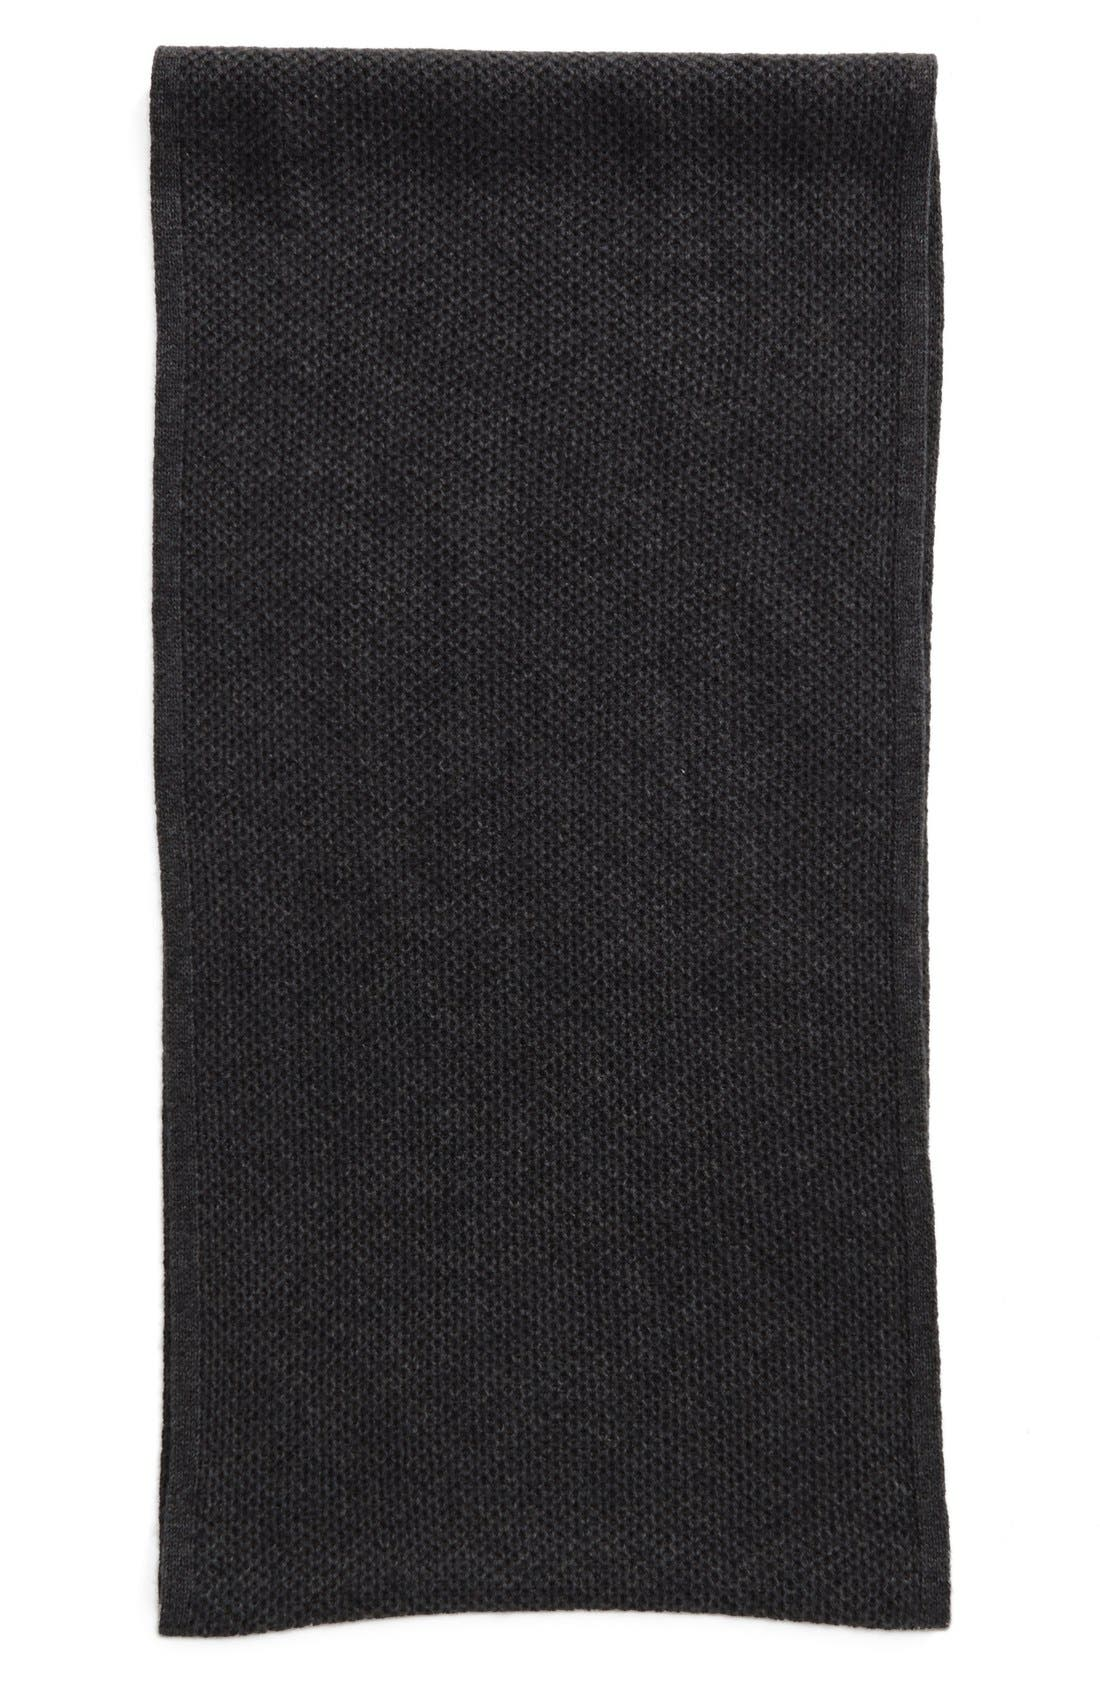 Alternate Image 2  - Halogen® Knit Cashmere Infinity Scarf
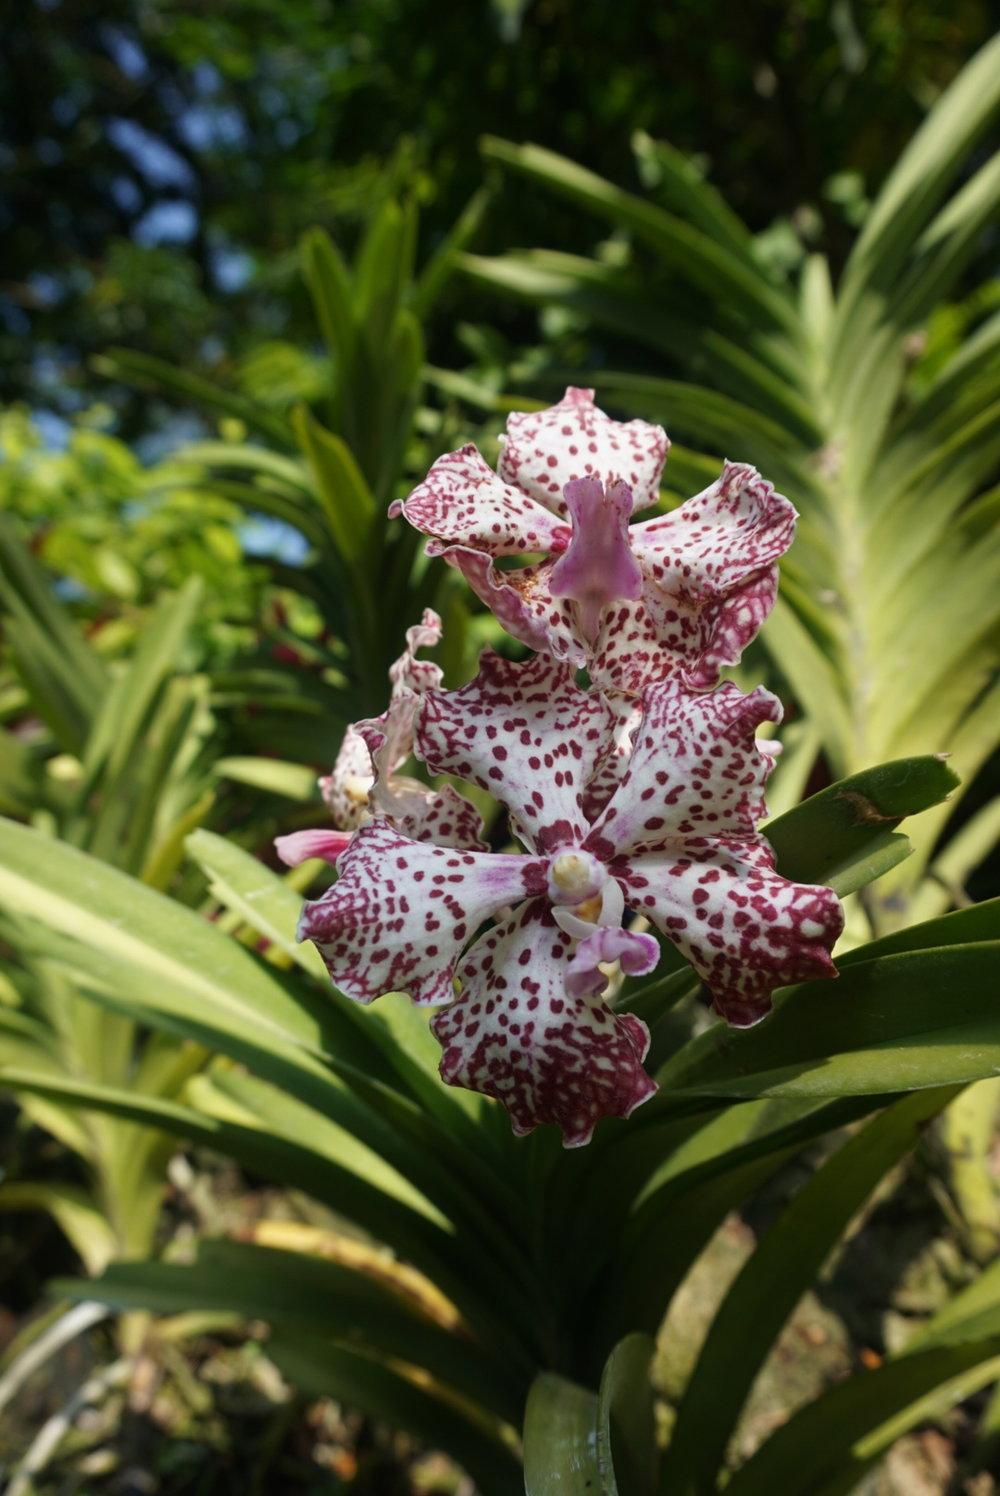 spottedorchid.jpg
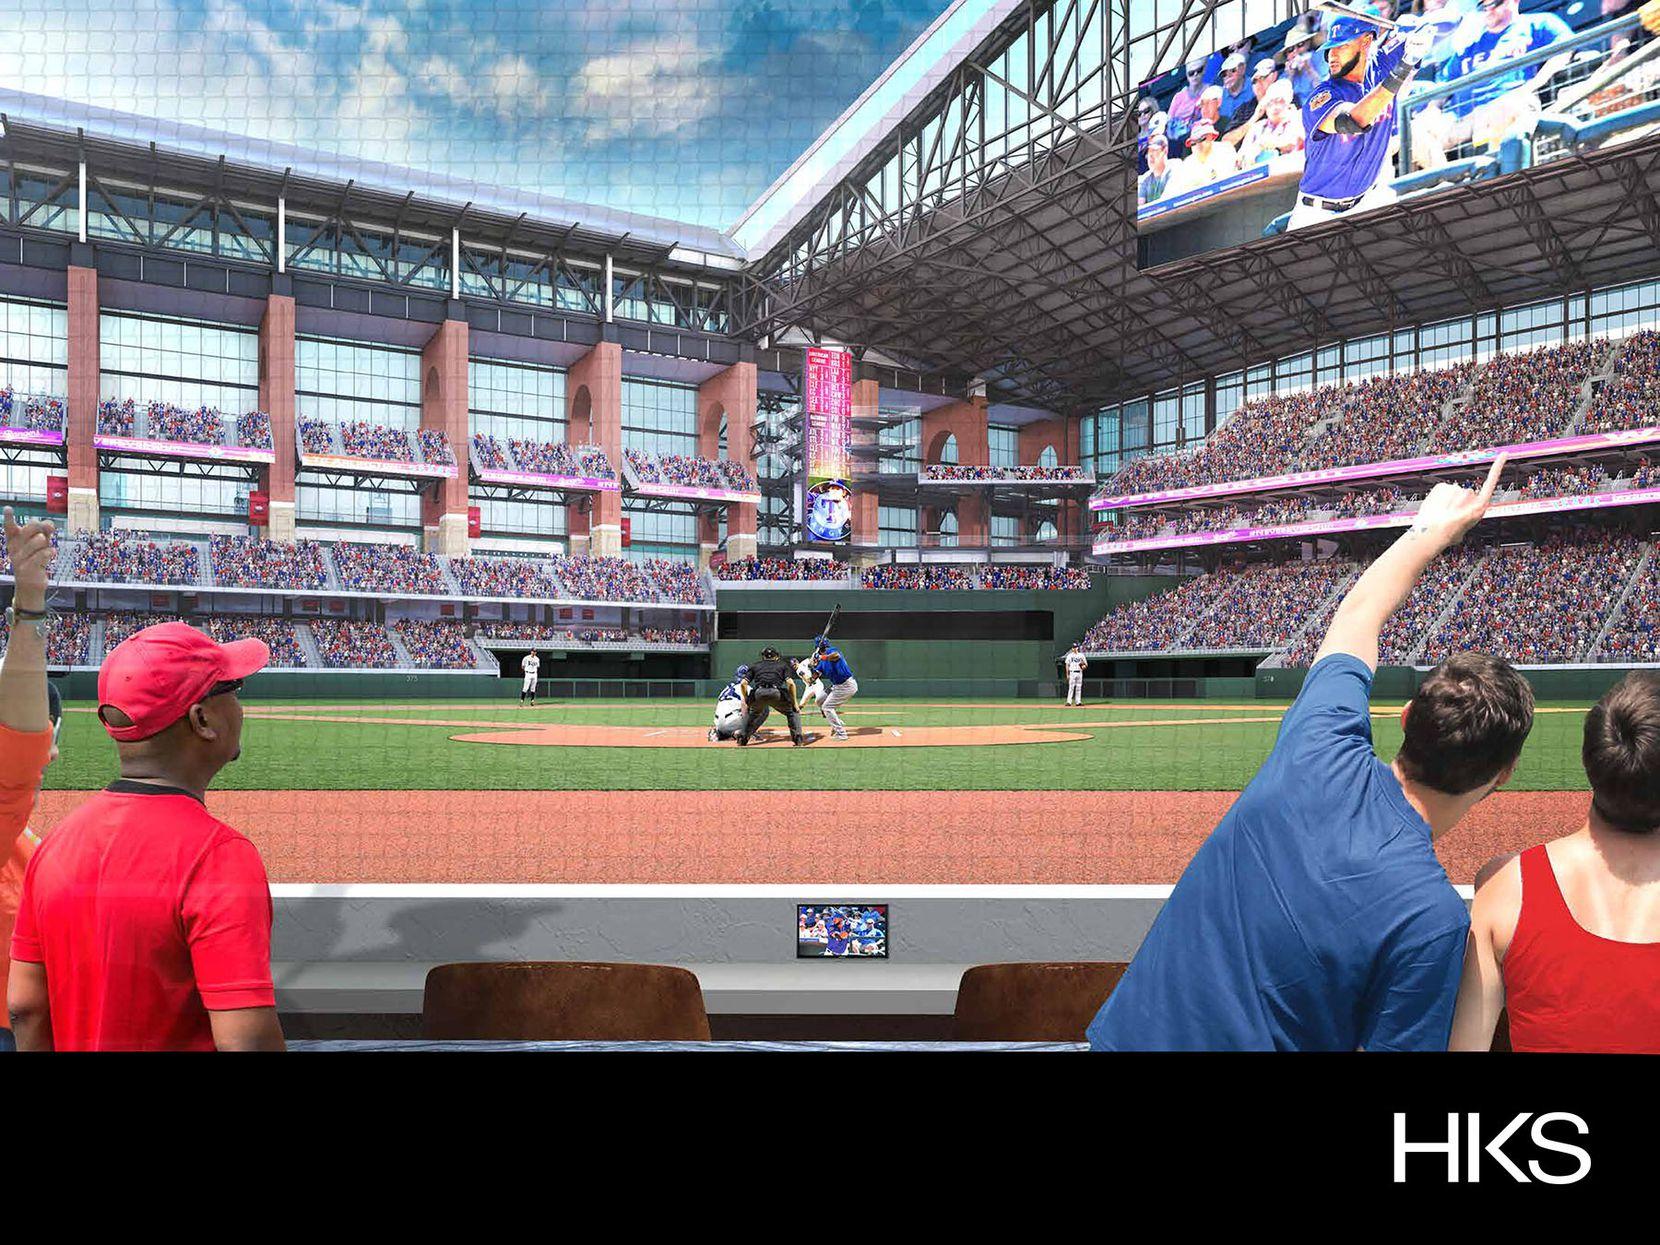 Rendering via The Texas Rangers.

• [Task to carry out]: Only the lines from the one with "spottedorchid.jpg" to the last line of the listing, inclusive, are to be set down, exactly as they stand and without pictures.

• [Task solution]:
 spottedorchid.jpg
 Rendering via The Texas Rangers.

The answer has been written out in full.